- Location of Skyline, Minnesota
- Coordinates: 44°08′26″N 94°02′02″W﻿ / ﻿44.14056°N 94.03389°W
- Country: United States
- State: Minnesota
- County: Blue Earth
- Established: 1957

Government
- • Type: Mayor - Council
- • Mayor: Paige Attarian

Area
- • Total: 0.19 sq mi (0.50 km^{2})
- • Land: 0.19 sq mi (0.50 km^{2})
- • Water: 0 sq mi (0.00 km^{2})
- Elevation: 988 ft (301 m)

Population (2020)
- • Total: 288
- • Density: 1,481.8/sq mi (572.11/km^{2})
- Time zone: UTC-6 (Central (CST))
- • Summer (DST): UTC-5 (CDT)
- FIPS code: 27-60754
- GNIS feature ID: 2395894
- Website: CityofSkyline.com

= Skyline, Minnesota =

City in Minnesota, United States

Skyline is a city in Blue Earth County, Minnesota, United States. The population was 288 at the 2020 census. It is adjacent to the city of Mankato and is part of the Mankato-North Mankato Metropolitan Statistical Area.

==Geography==
According to the U.S. Census Bureau, the city has an area of 0.17 sqmi, all land. Its elevation is 980 ft above sea level.

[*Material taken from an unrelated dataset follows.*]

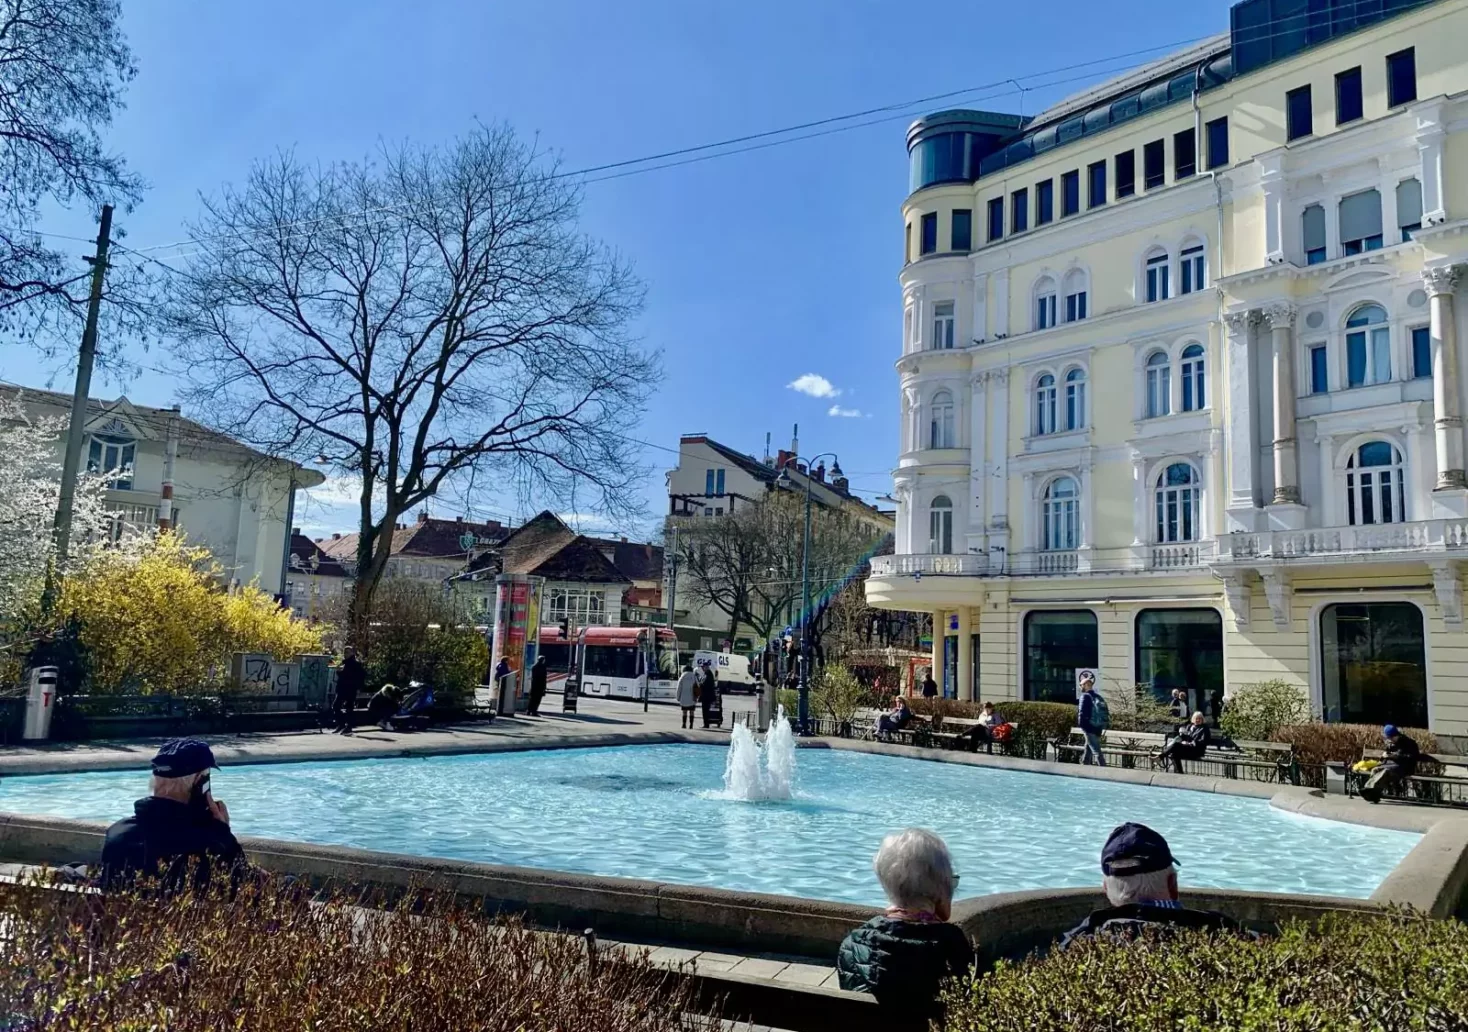 Bild auf 5min.at zeigt die Grazer Innenstadt. Zu sehen ist der Brunnen beim Eisernen Tor.

Blue Earth County Road 1 (formerly Minnesota State Highway 66) serves as a main route for the community.

U.S. Route 169 / Minnesota State Highway 60 (co-signed) is nearby.

==Demographics==

Historical population
| Census | Pop. | Note | %± |
| 1960 | 354 |  | — |
| 1970 | 400 |  | 13.0% |
| 1980 | 399 |  | −0.2% |
| 1990 | 272 |  | −31.8% |
| 2000 | 330 |  | 21.3% |
| 2010 | 289 |  | −12.4% |
| 2020 | 288 |  | −0.3% |
U.S. Decennial Census 2020 Census

===2010 census===
As of the census of 2010, there were 289 people, 113 households, and 90 families living in the city. The population density was 1700.0 PD/sqmi. There were 118 housing units at an average density of 694.1 /sqmi. The racial makeup of the city was 98.6% White, 0.3% Asian, 0.7% from other races, and 0.3% from two or more races. Hispanic or Latino of any race were 3.1% of the population.

There were 113 households, of which 24.8% had children under the age of 18 living with them, 73.5% were married couples living together, 2.7% had a female householder with no husband present, 3.5% had a male householder with no wife present, and 20.4% were non-families. 18.6% of all households were made up of individuals, and 15% had someone living alone who was 65 years of age or older. The average household size was 2.49 and the average family size was 2.78.

The median age in the city was 52.2 years. 19.7% of residents were under the age of 18; 6.3% were between the ages of 18 and 24; 13.5% were from 25 to 44; 34.7% were from 45 to 64; and 26% were 65 years of age or older. The gender makeup of the city was 47.8% male and 52.2% female.

===2000 census===
As of the census of 2000, there were 330 people, 124 households, and 105 families living in the city. The population density was 1,752.5 PD/sqmi. There were 125 housing units at an average density of 663.8 /sqmi. The racial makeup of the city was 97.58% White, 0.91% Native American, 1.21% Asian, and 0.30% from two or more races. Hispanic or Latino of any race were 0.30% of the population.

There were 124 households, out of which 32.3% had children under the age of 18 living with them, 82.3% were married couples living together, 2.4% had a female householder with no husband present, and 15.3% were non-families. 14.5% of all households were made up of individuals, and 11.3% had someone living alone who was 65 years of age or older. The average household size was 2.63 and the average family size was 2.90.

In the city, the population was spread out, with 24.5% under the age of 18, 4.8% from 18 to 24, 23.0% from 25 to 44, 27.6% from 45 to 64, and 20.0% who were 65 years of age or older. The median age was 44 years. For every 100 females, there were 93.0 males. For every 100 females age 18 and over, there were 93.0 males.

The median income for a household in the city was $59,583, and the median income for a family was $104,063. Males had a median income of $65,625 versus $50,972 for females. The per capita income for the city was $25,778. None of the families and 0.3% of the population were living below the poverty line, including no under eighteens and none of those over 64.